Increase my credit score. I am on a mission to get my credit score to a level that allows me to *ahem* live my best life. Which means being strict on my spending habits. Which is going to be hard. But it’s not at all impossible so here’s to living our best stress free financially fiscal lives! I’m going to be checking my credit score once a week (seems obsessive but a lot can happen in a week).
Save. You all already know the deal. I want to have a robust savings account by the end of the year. There have been so many minor emergencies that happened in 2017 that would have been less stressful if I had substantial savings. I’ve learned my lesson(s) and I am ready. I’m actually thinking of hiring a financial planner. Someone who is actually skilled in this area. But we’ll see if my finances actually allow that.
Travel. I include this under financial goals because it requires a nice chunk of money. I have been saying that 2018 is the year of travel for me and I believe that words hold a lot of power. So, by God’s grace, I will be galavanting across the globe with those that I love (perhaps a bae-cation even?? haha).
This was long, and if you made it to the end, kudos to you! If you skipped some and read others, I’ve giving you a high five. Either way, you took the time out to read this post and for that I am grateful and thankful. Here’s to a better 2018. Here’s to living our best lives!
H&M Sweater Dress | Zara Velvet OTK Boots
Until next year…
All Photography by Kristen Ashley
Vincent Desmond | 12th Jan 18
Firsrt off I love your Sweater dress, secondly I’m Nigerian so I understand the inability to go see a therapist even when it is needed.
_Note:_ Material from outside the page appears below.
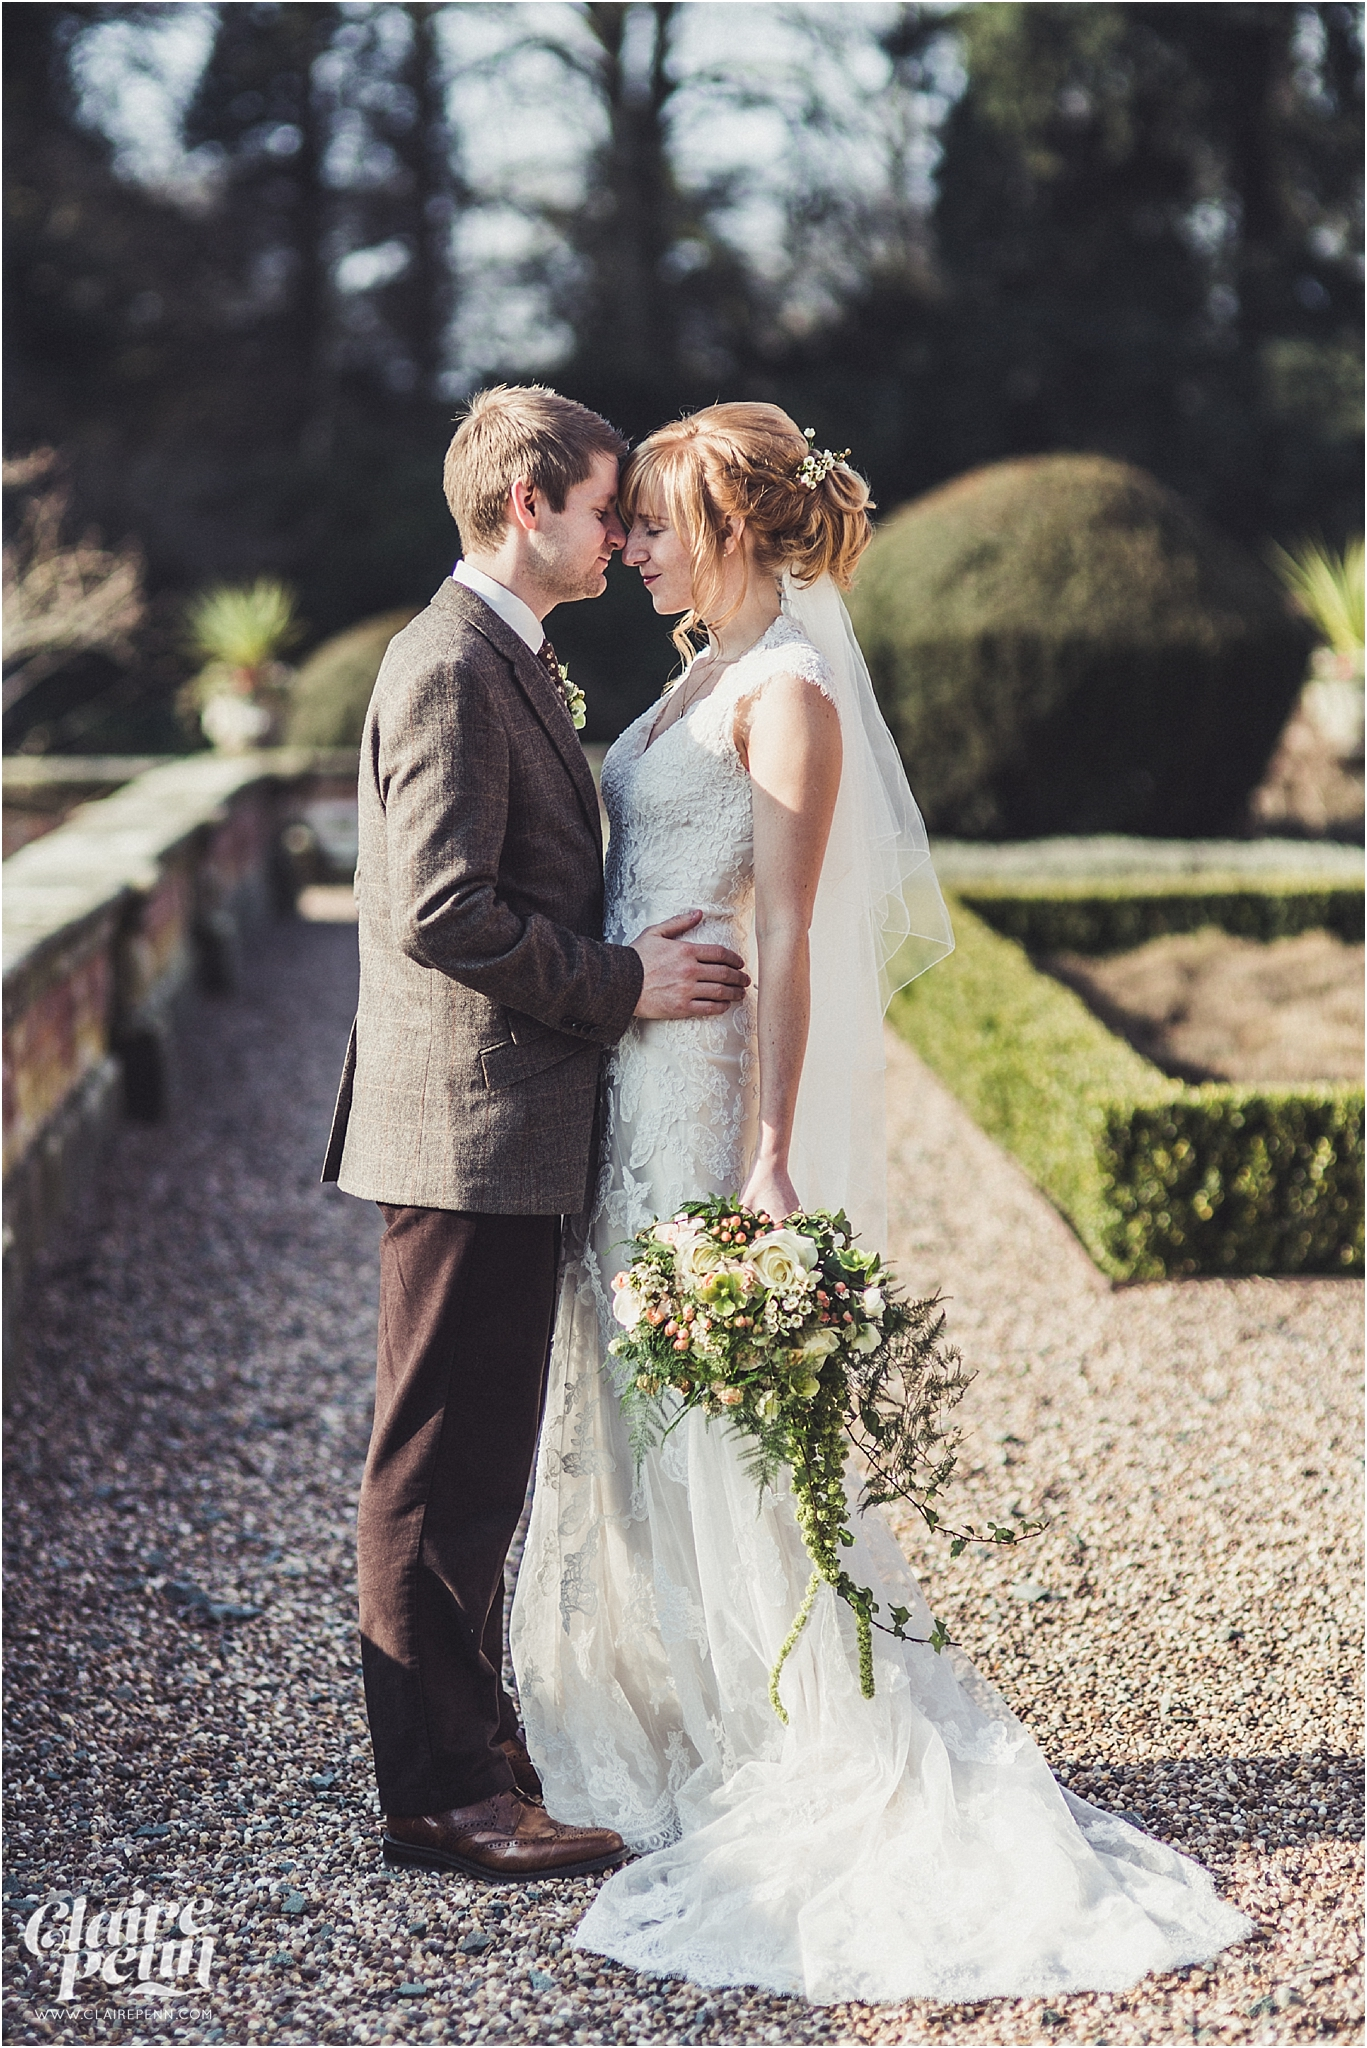 Iscoyd Park wedding, Whitchurch, Cheshire wedding photographer_0032.jpg

Thirdly 5 posts weekly will be so coooll.
Hope you have a great year
vincentdesmond.com
thedailyseyi | 16th Jan 18
Thanks so much Vincent! I hope the same for you!! Appreciate you always showing support!
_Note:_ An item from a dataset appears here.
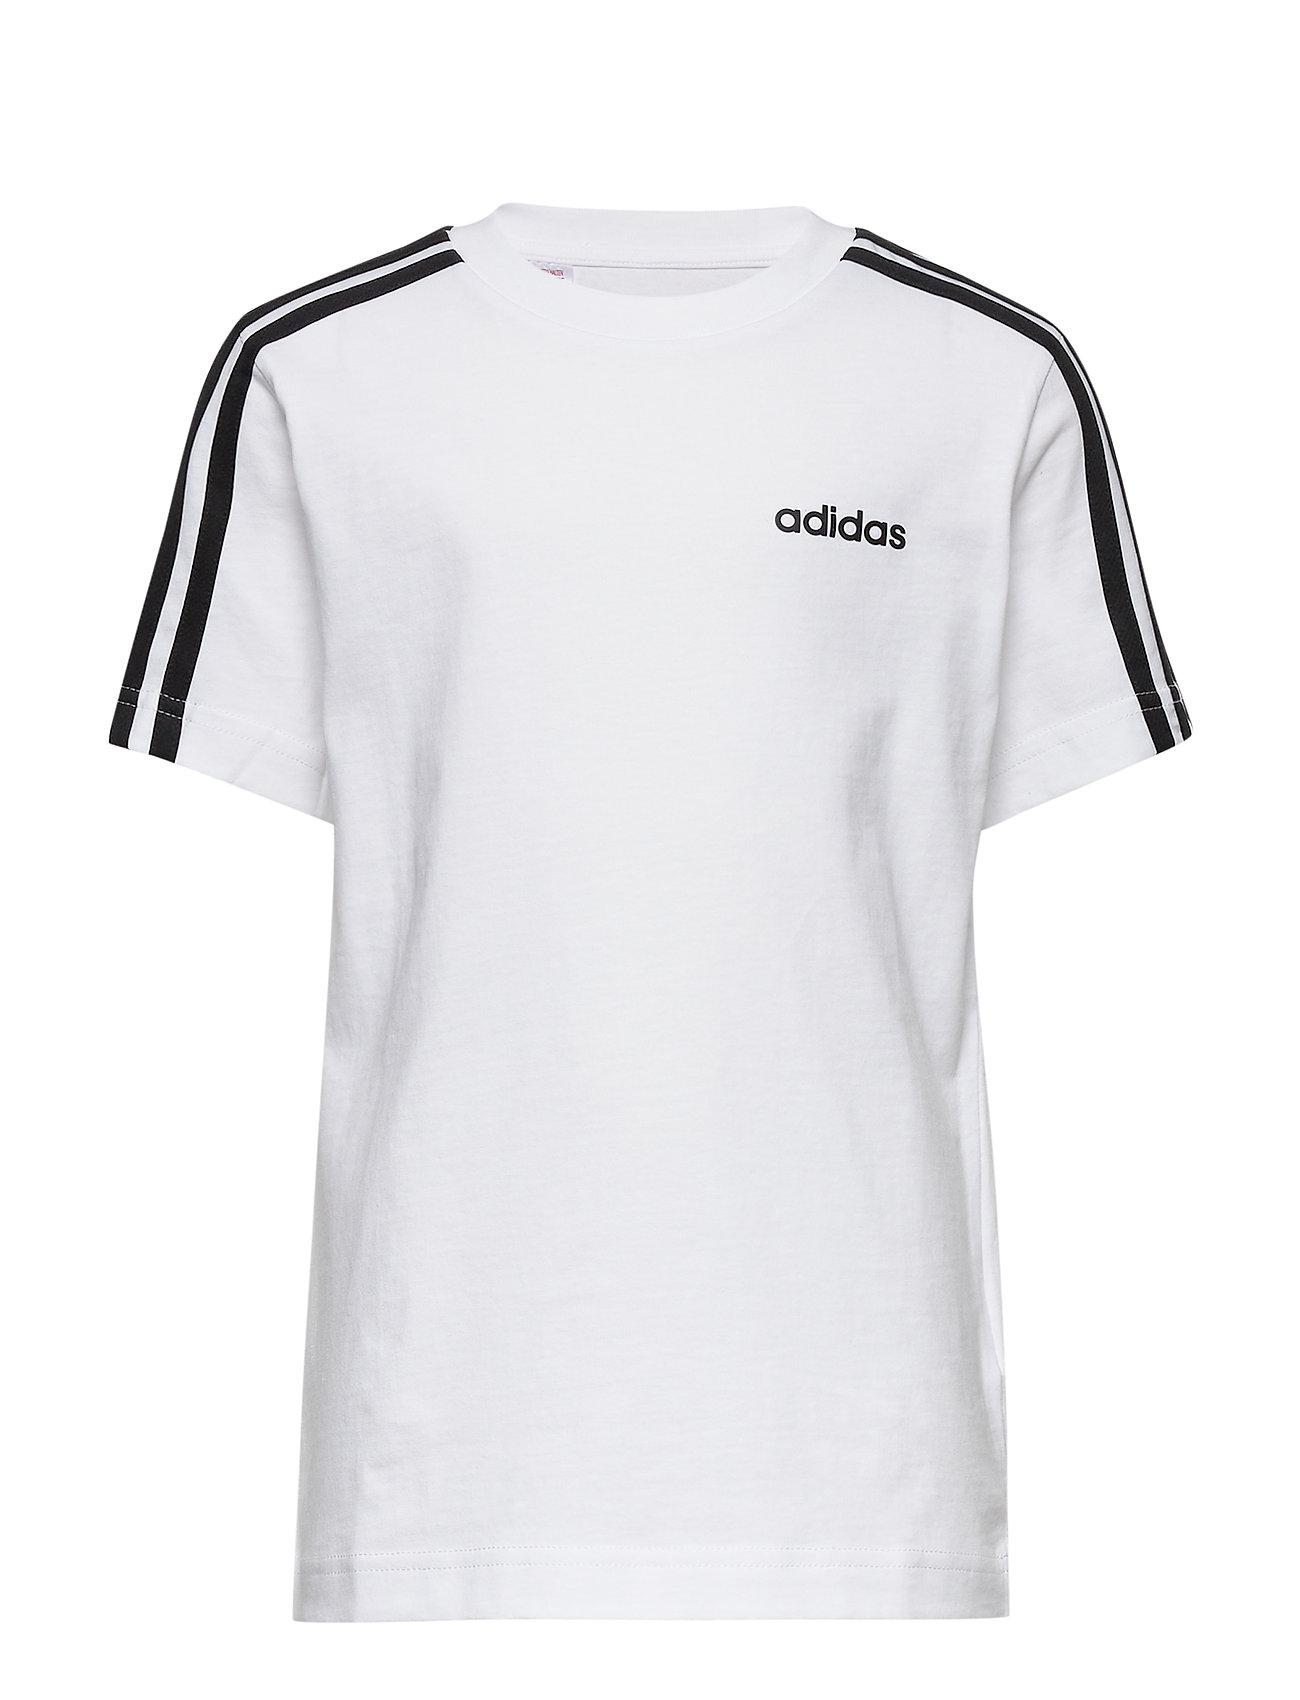 adidas Performance YB E 3S TEE - WHITE/BLACK

prettyshynerd | 29th Dec 17
I’m really with you on some of this concerning therapy, spiritual growth, working out and being financially accountable. I wish you the best girl ❤. God’s grace in 2018.
xokestrel | 29th Dec 17
Cosigning therapy, starting my day with God and getting that credit score all the way together! I hope 2018 brings you all the desires of your heart!
Joy | 29th Dec 17
Love this! Here’s to living and loving your best life in 2018!
Briana | 29th Dec 17
I absolutely love you girl!!! Live your best life in 2018.